David P Grove wrote:
I think you need to understand the point of the benchmark suite. The
whole goal is reproducible science, so if someone doesn't cite the exact
version of the benchmarks, then it isn't useful (in an academic sense).
That can be achieved without the DaCapo restrictions. For example TeX
has fairly strict requirements on naming and versioning.
But DaCapo license is extremely restrictive.

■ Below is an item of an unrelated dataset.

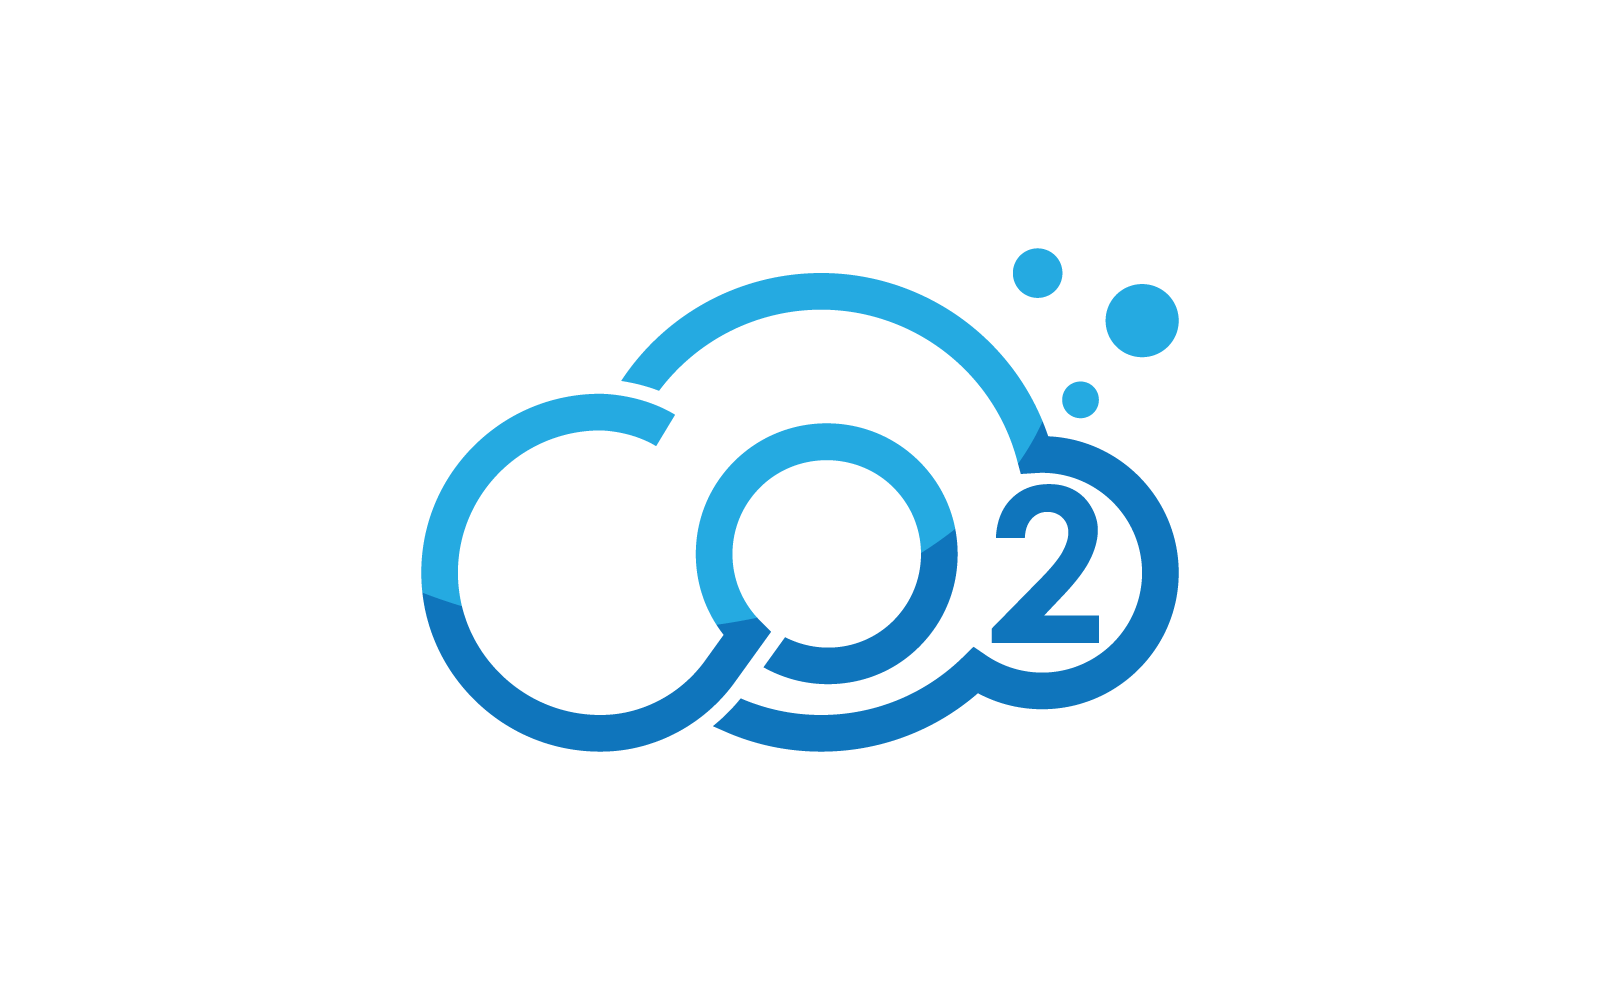 Co2 Carbon dioxide logo flat design Logo Template

It's not clear that a
company could use DaCapo to benchmark their products - even open-source
products, since that might be defined as "for-profit".
Forbidding one to "alter, modify, improve, decompile, disassemble or otherwise
reverse-engineer" has nothing to do with "reproducible science", and in
fact is contrary to acadmic openness and "reproducible sciece".
The license forces that plus proper academic credit (ie a citation) for
the benchmark suite, which personally I think is quite fair given how
much work was put into putting it together (much more than the typical
academic paper).
A requirement for credit isn't inherently incompatible with Free Software:
The old BSD license with the "notorious advertising clause" may have
been awkward and GPL-incompatible, but it was accepted as Free.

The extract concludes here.